Nachdem Herr Fiebig für einen Aufruhr im Netz und in Warstein gesorgt hat, hat er Samstag einen neuen Artikel nachgelegt. Quasi als Enschuldigung dient das es bis Oktober 2010 dort einen Klettercache gegeben hat. Leider wird im gleichen Artikel ein Cacher als Owner verdächtig der niemals einen Cache dort liegen hatte. EUpossi disabled danach alles seine Cache, da er vor Ort Kontakt aufnehmen möchte. Jetzt versucht der Journalist im Geoclub sich zu entschuldigen. Hätte er doch vorher mal recherchiert statt immer wieder nur Unsinn zu schreiben. Es wäre ein leichtes gewesen ortsansäßige Cacher zu kontaktieren. Alle Cacher die archivierten Cache gefunden haben, sollten schleunigst alle Logfotos löschen. Dann gibt es keine rechtliche Handhabe mehr, falls die Anzeige Kreise zieht.

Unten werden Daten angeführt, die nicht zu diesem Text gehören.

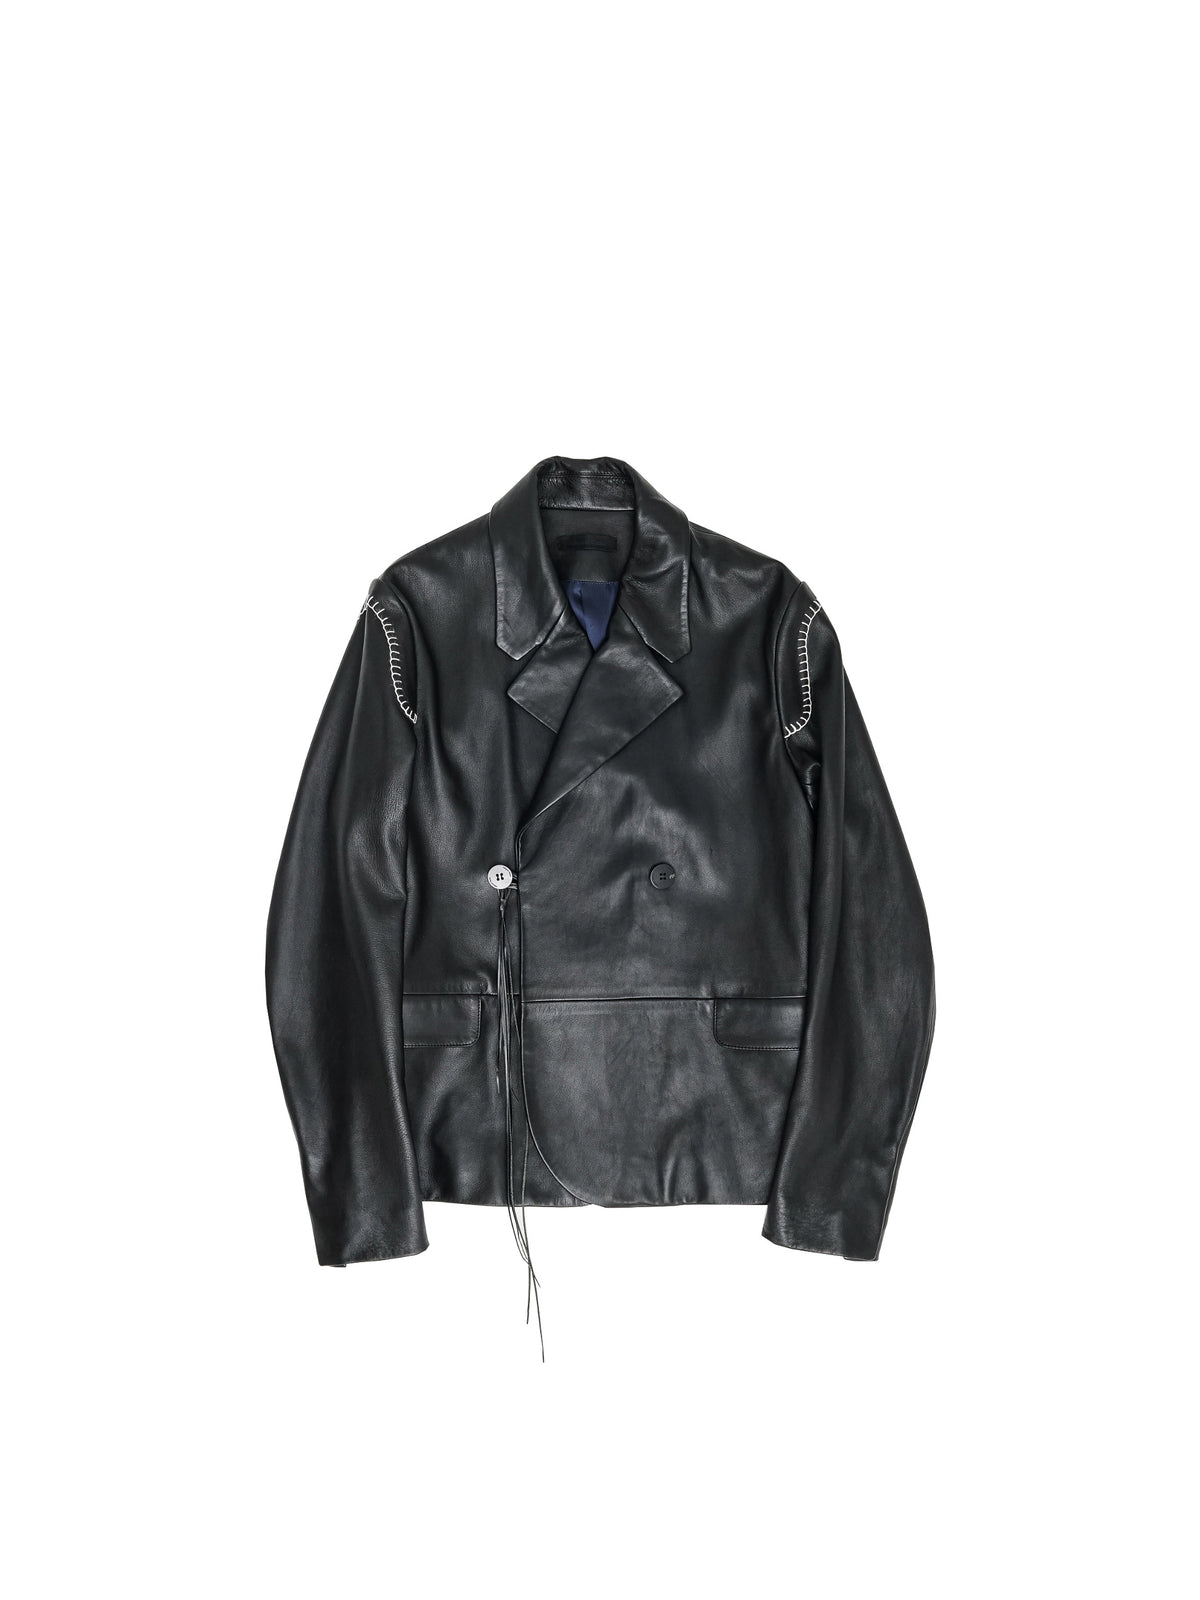 19600円格安 ショップ 超人気新品 TTT_MSW wool leather piping jacket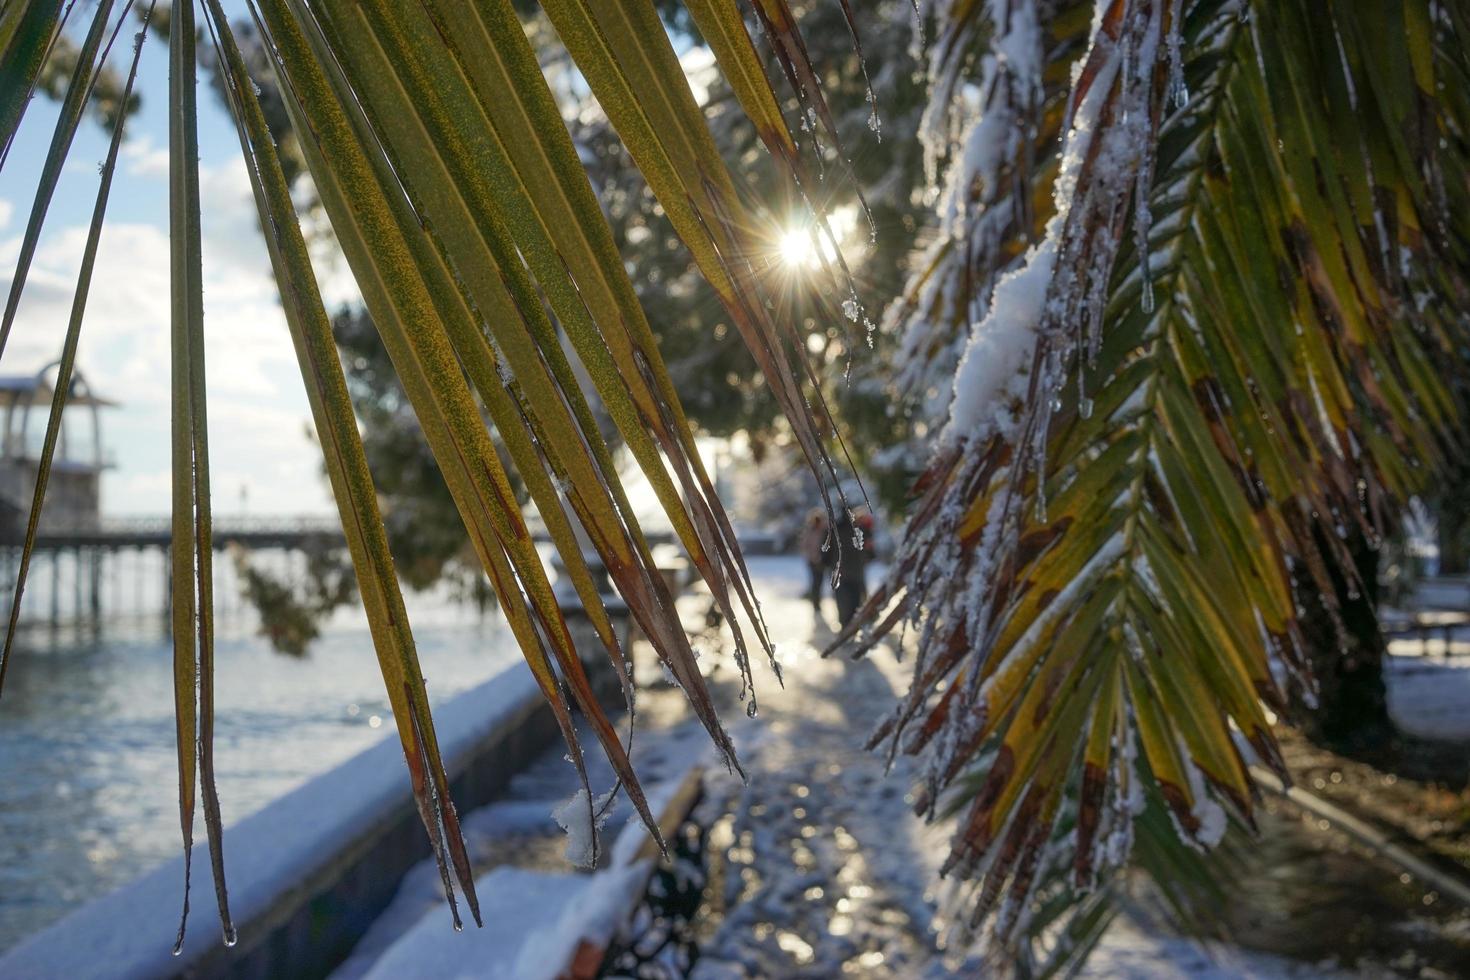 le foglie della palma a ventaglio washingtonia con gocce d'acqua foto

Donnerstag, 24. November 2011

Wenn sogennannte Journalisten schreiben

In DerWesten tauchte gestern ein Artikel vom sogenannten Journalsiten Mike Fiebig auf. Darin behauptet er das Geocacher für die wiederholte Zerstörung eines Zauns verantwortlich wären. Dabei ist der zitierte Cache ein Earthcache, also ohne Dose. Das Foto zum Cache sollte vor dem Tor aufgenommen werden. Der zitierte Angler muss wohl senil sein, denn das Geocacher eine Bergsteigerausrüstung brauchen um über einen Zaun zu komen ist totaler Schwachsinn. Zumal da ja keine Dose liegt. Zitierte Logs sagen nur aus, dass die Cacher durch das Tor gesehen haben, nicht das sie dahinter waren. Wenn Journalisten einen solchen Unfug veröffentlichen, ist es bald mit der Glaubwürdigkeit der Presse vorbei. Zumindest bei Der Westen werde ich in Zukunft keinen Artikel als unbedingt wahr betrachten. Zu der Westen gehören mit der Westfalenpost, Westfälischen Rundschau, WAZ, IKZ und NRZ ein Großteil der lokalen Presse in NRW. Der Cache wurde gestern archiviert, was ich aus Sicht des Owners verstehen kann, da er nicht vor Ort wohnt und sich nur schlecht gegen diese unsinnigen Vorwürfe wehren kann.